(HOW TO COMPLETE THIS TASK)
Give the lines below again exactly, starting with the line that holds "Top Content Marketing" and going on through the line that holds "How to Play".

(PROVIDED DATA)
--*--

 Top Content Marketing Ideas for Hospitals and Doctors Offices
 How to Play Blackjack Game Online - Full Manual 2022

--*--

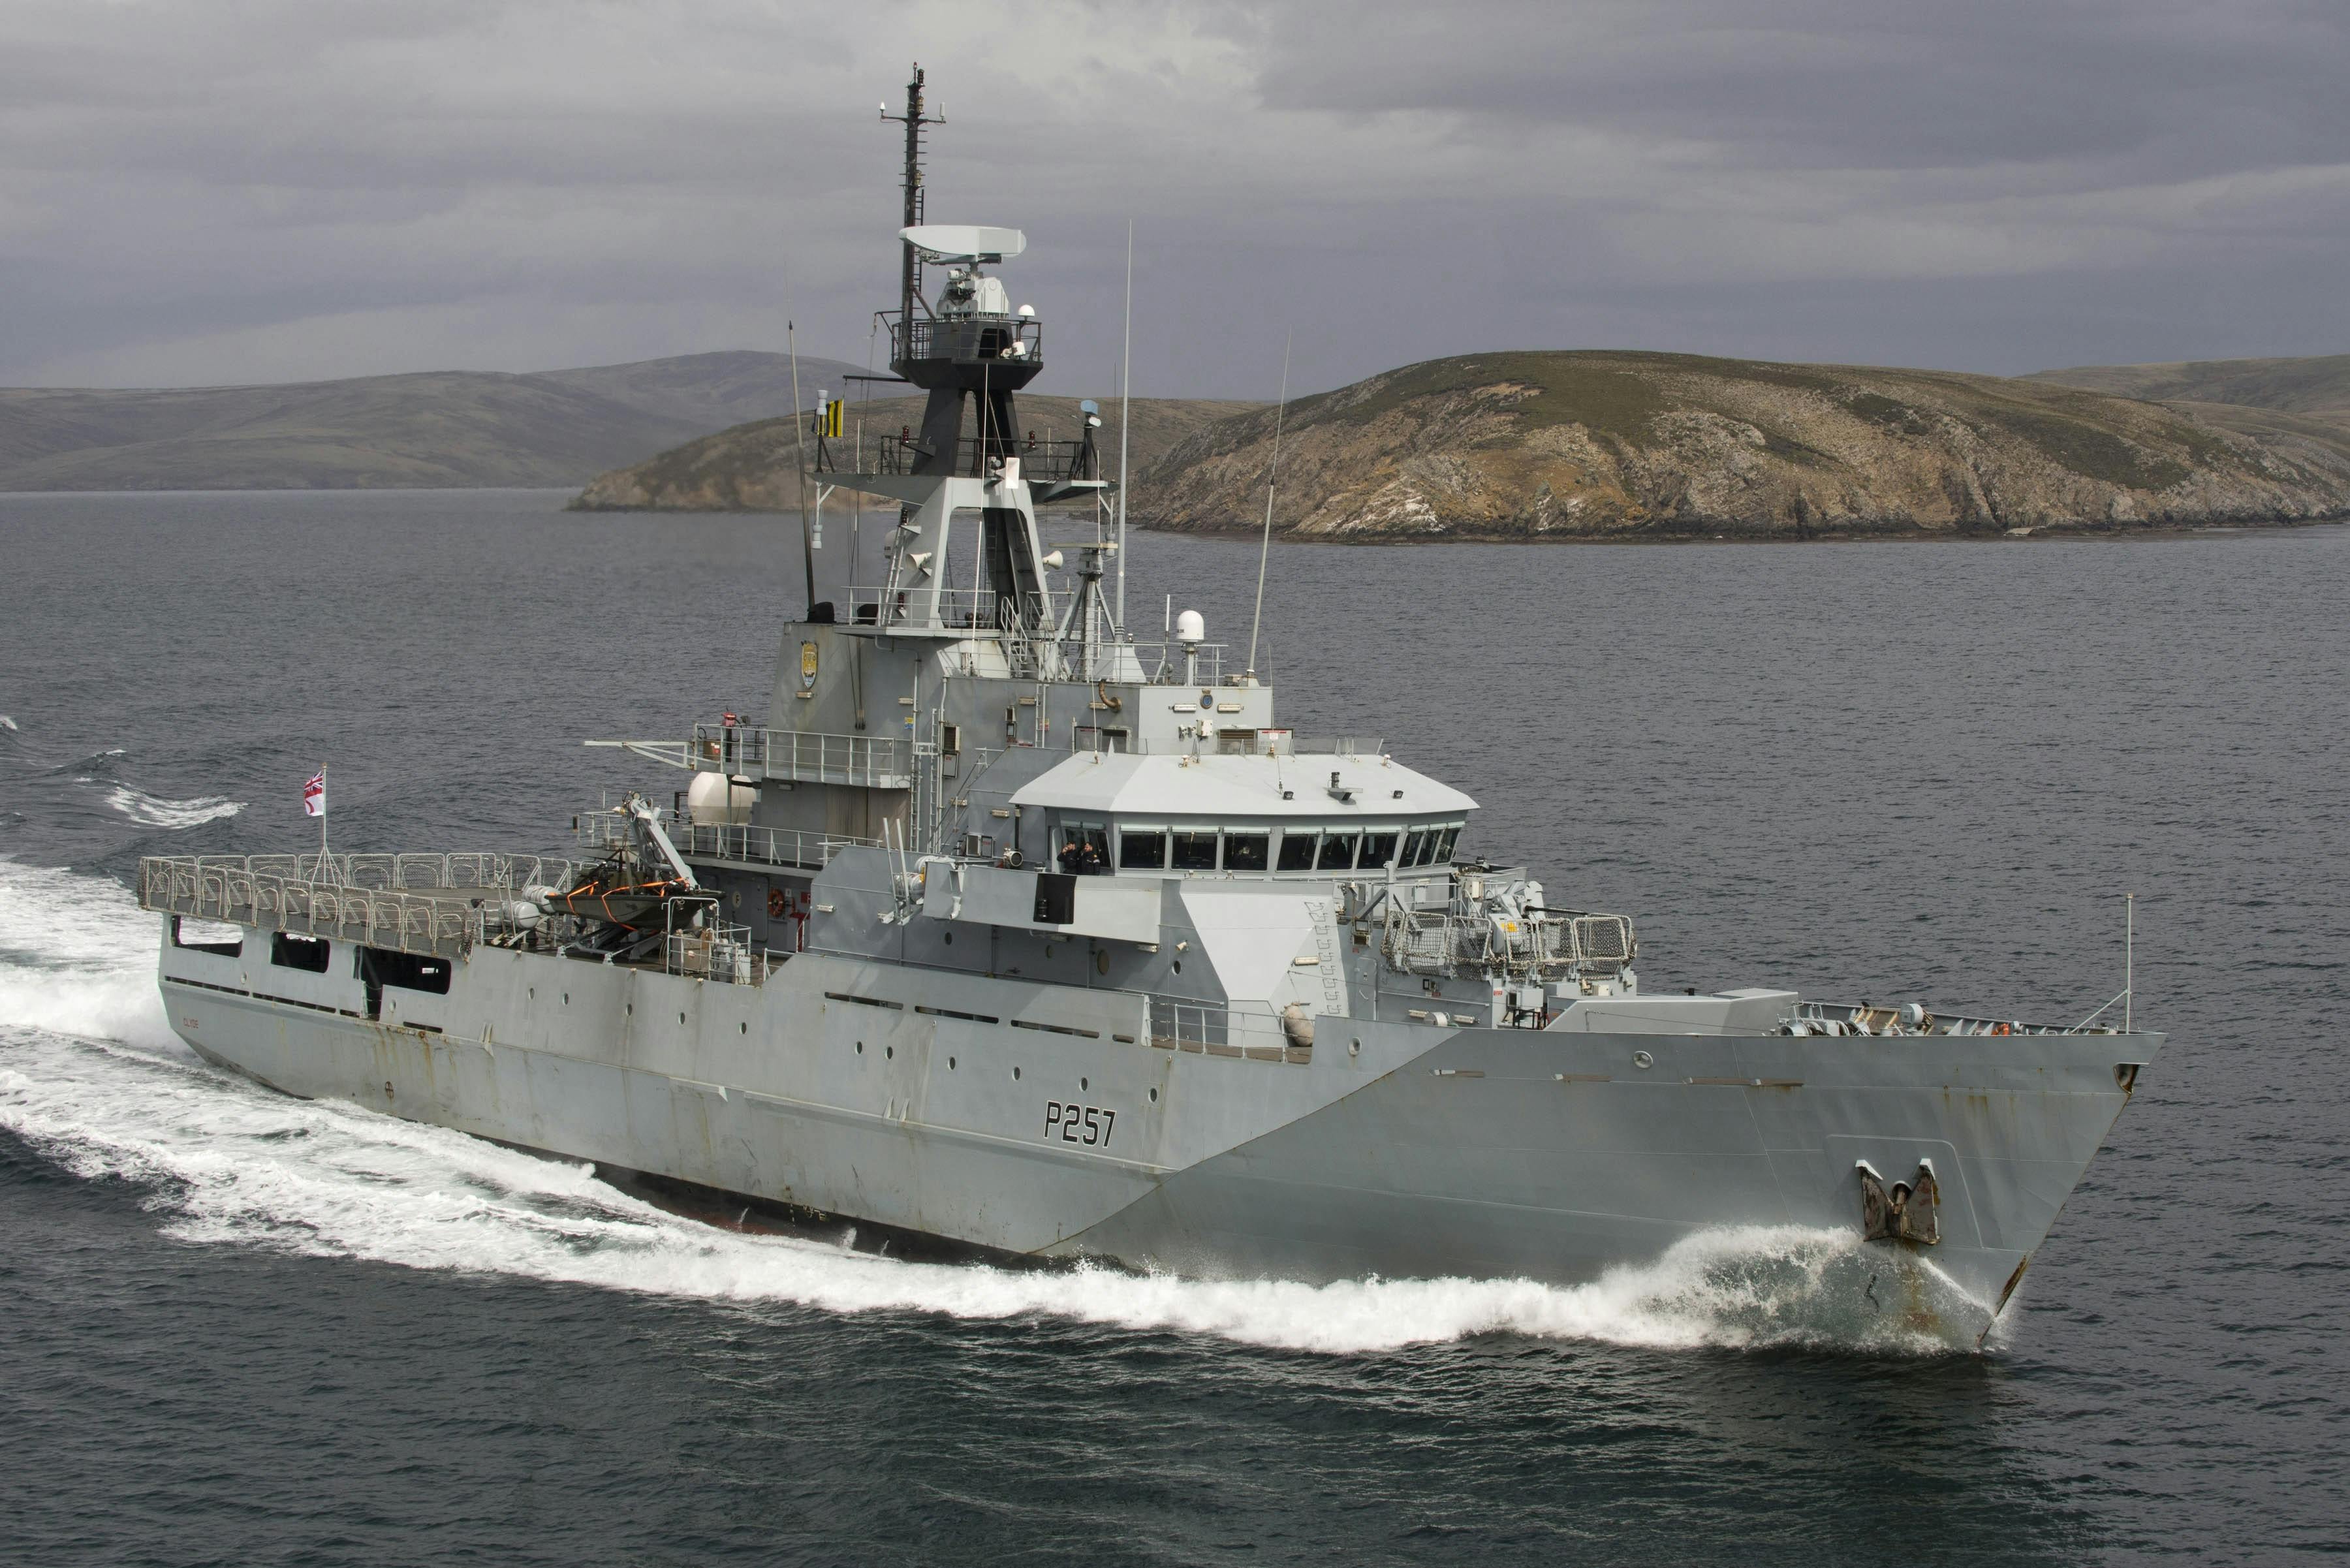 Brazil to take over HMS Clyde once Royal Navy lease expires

--*--

(WRITTEN ANSWER)
 Top Content Marketing Ideas for Hospitals and Doctors Offices
 How to Play Blackjack Game Online - Full Manual 2022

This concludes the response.